_Input data_:
+===+

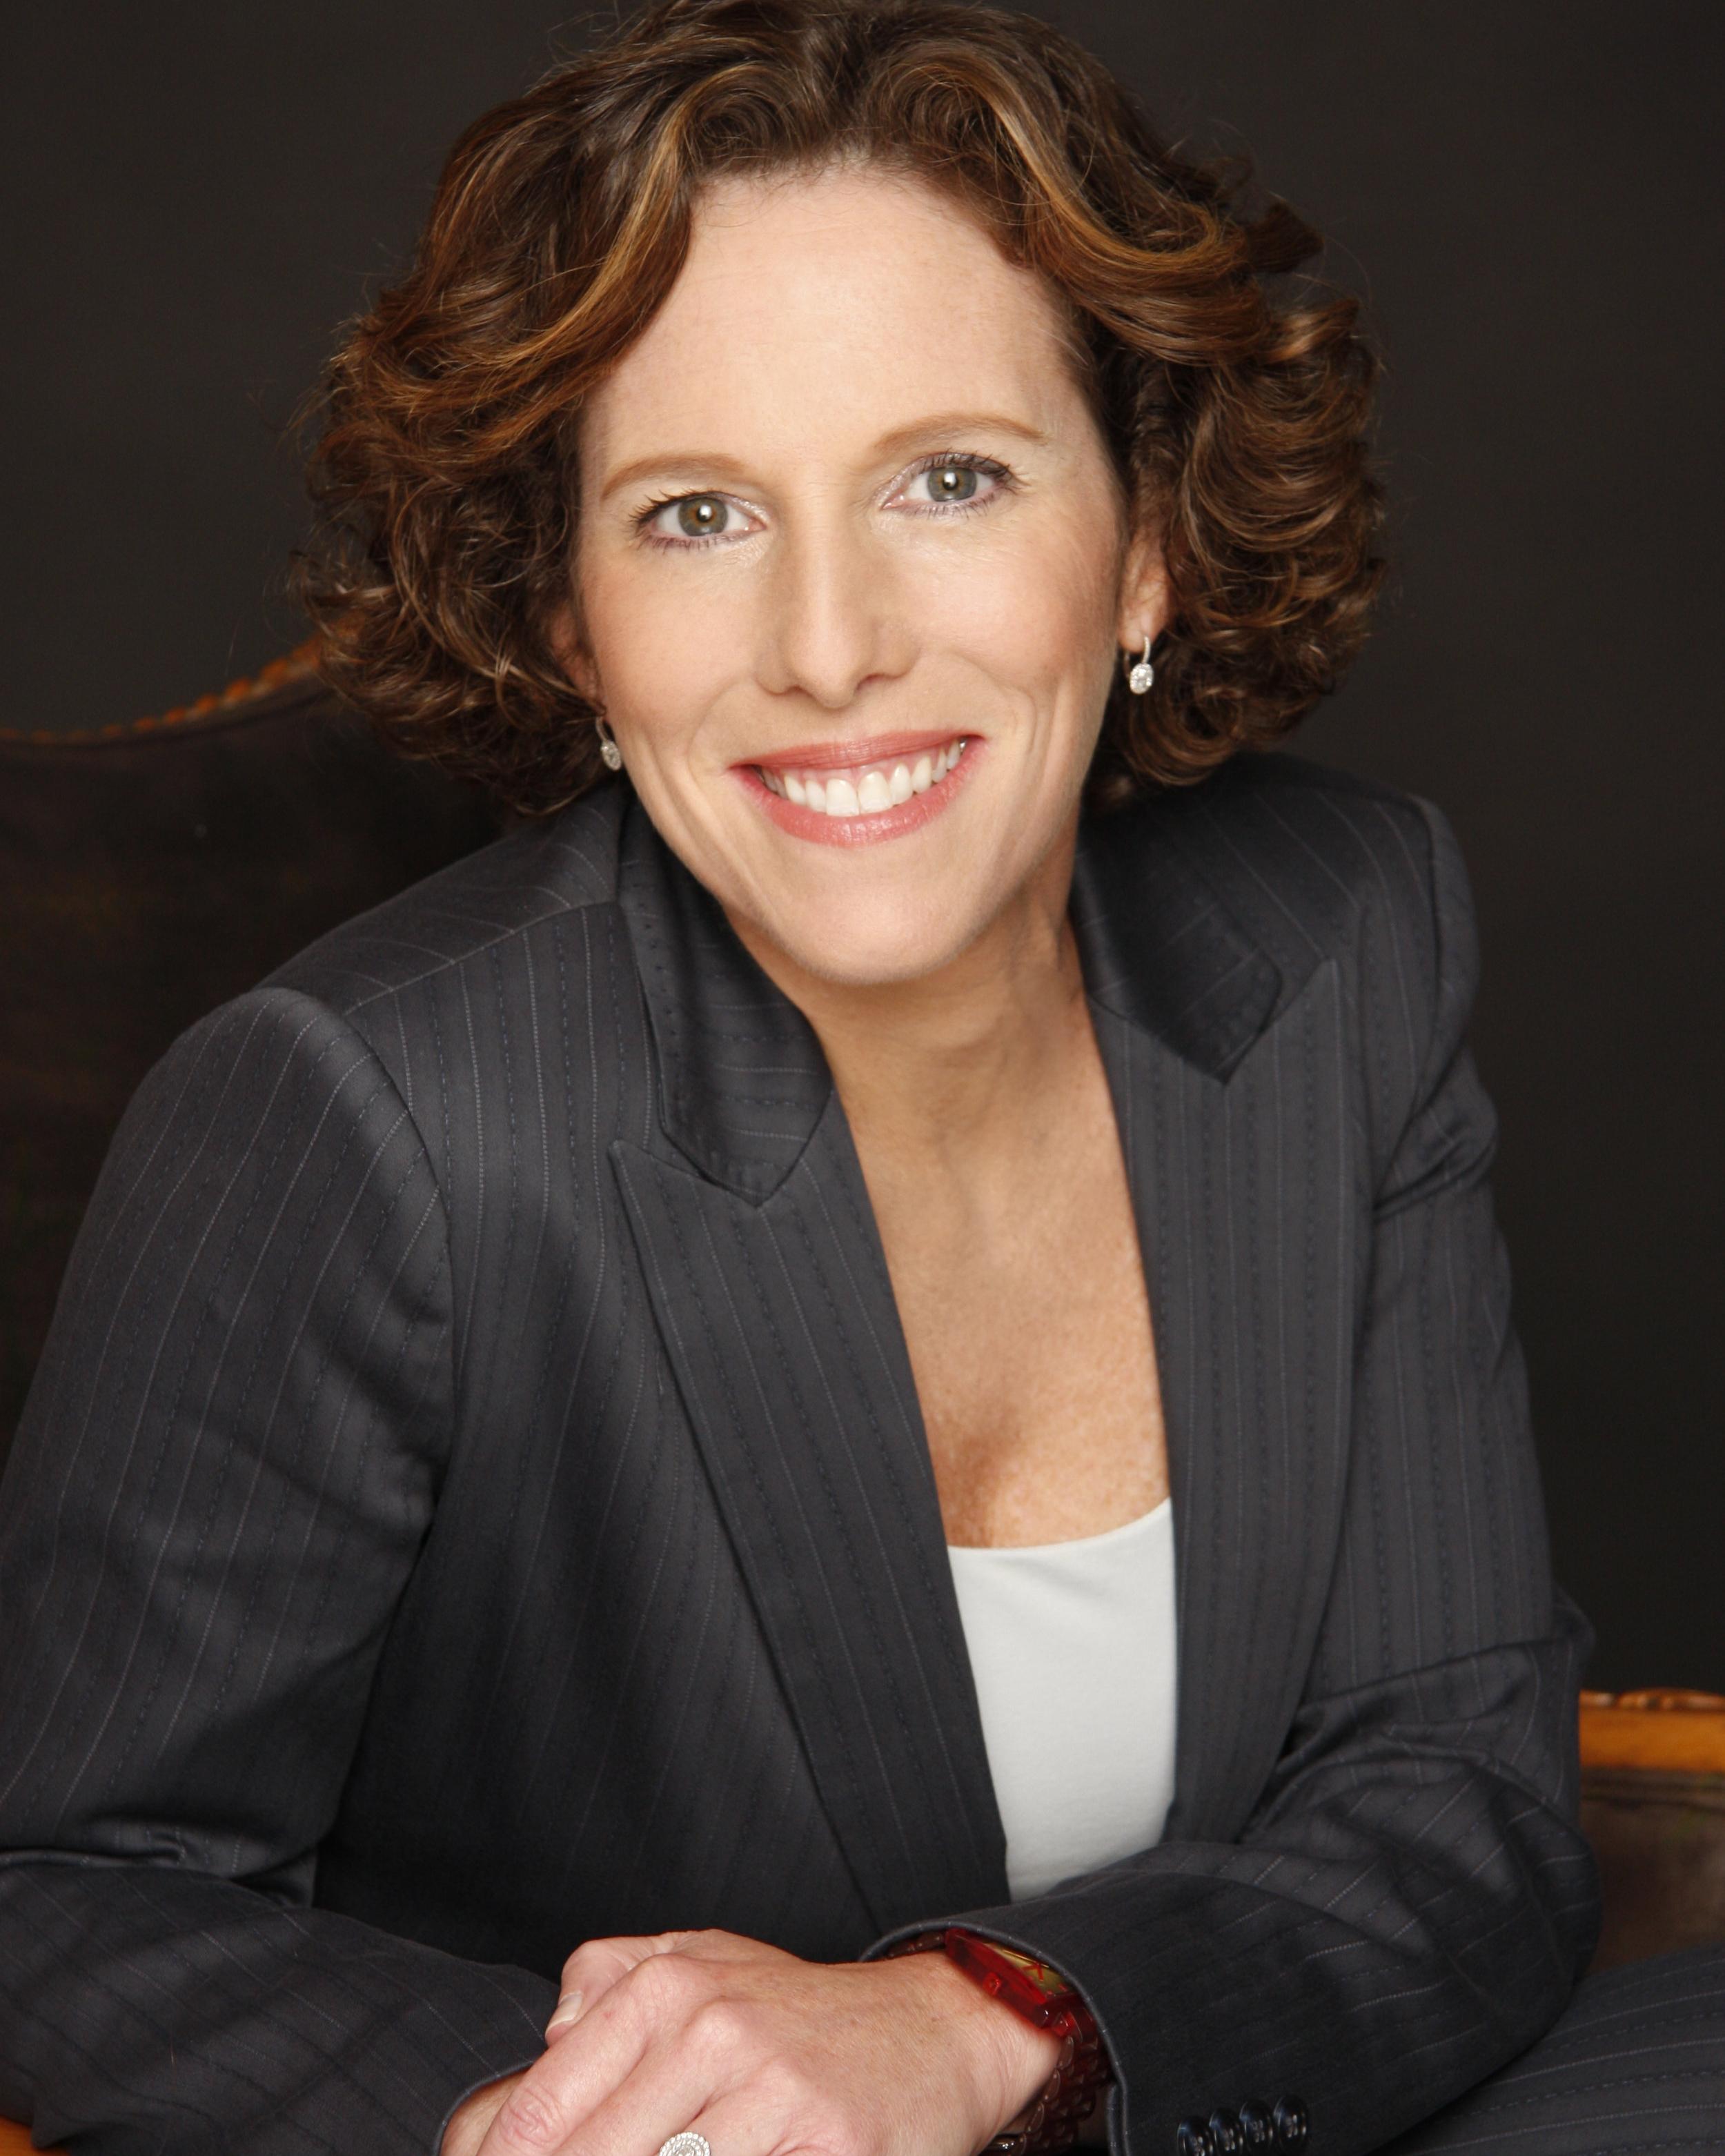 attorney portrait corporate photography by New York corporate photographer Michael Benabib.jpg
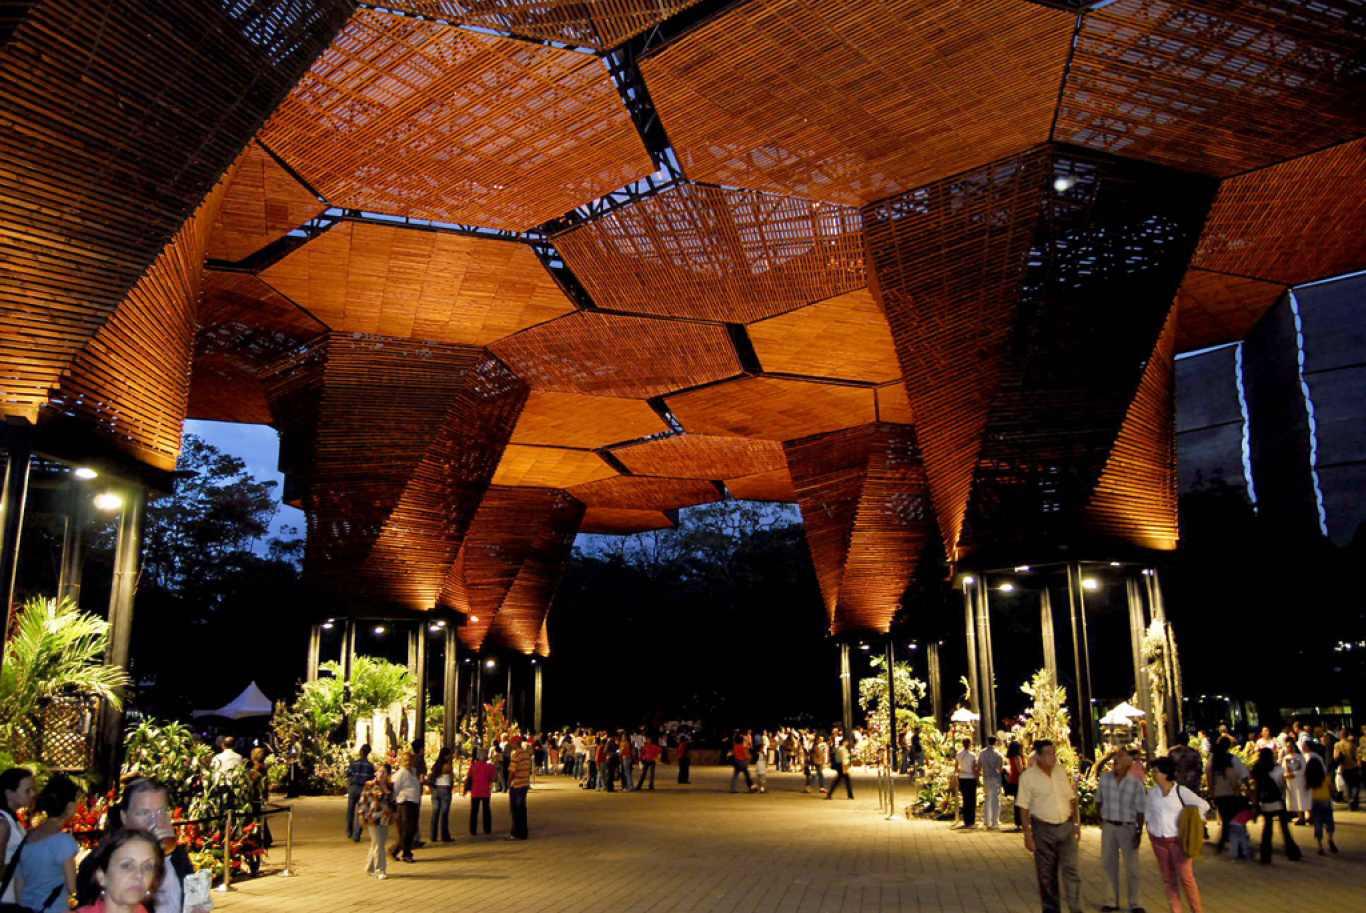 Descubre tu mundo destino medell n colombia en sus for Jardin botanico bogota nocturno 2016
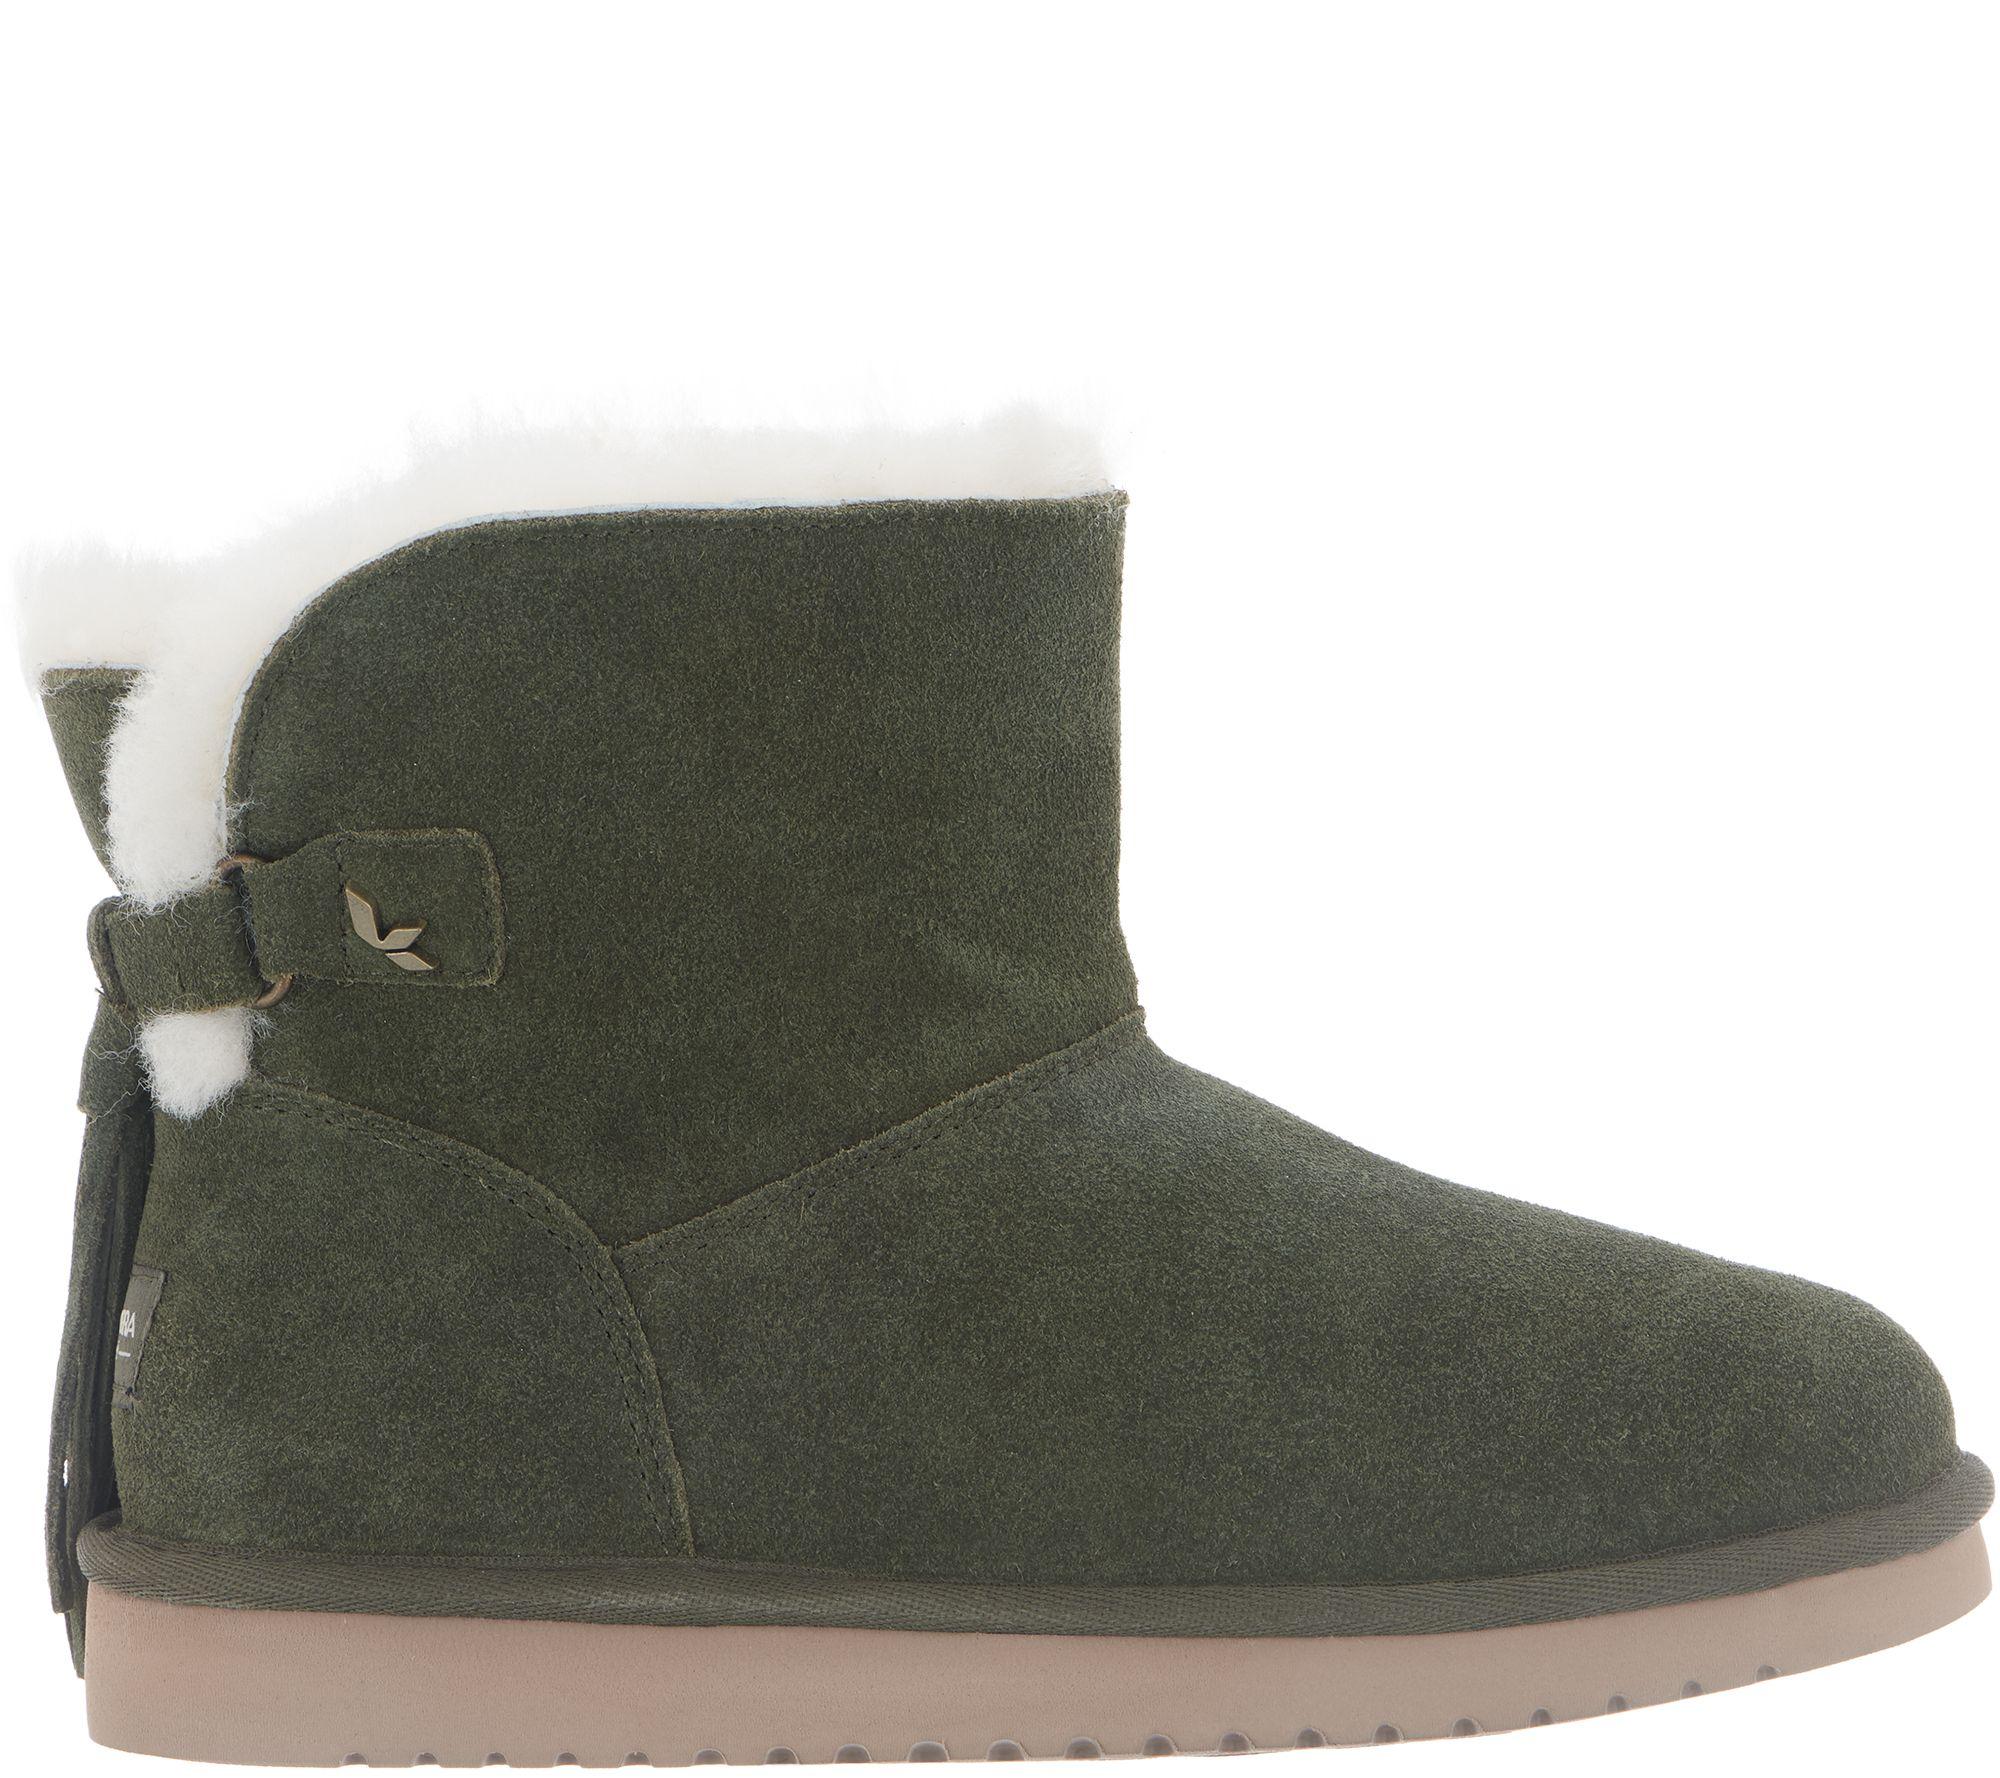 3e7c318888e Koolaburra by UGG Suede Tassel Mini Boots - Jaelyn - Page 1 — QVC.com

+===+

_Required work_:
I would like the data copied exactly as it stands, with no pictures included.

_Solution for this exercise_:
 attorney portrait corporate photography by New York corporate photographer Michael Benabib.jpg
 Descubre tu mundo destino medell n colombia en sus for Jardin botanico bogota nocturno 2016
 3e7c318888e Koolaburra by UGG Suede Tassel Mini Boots - Jaelyn - Page 1 — QVC.com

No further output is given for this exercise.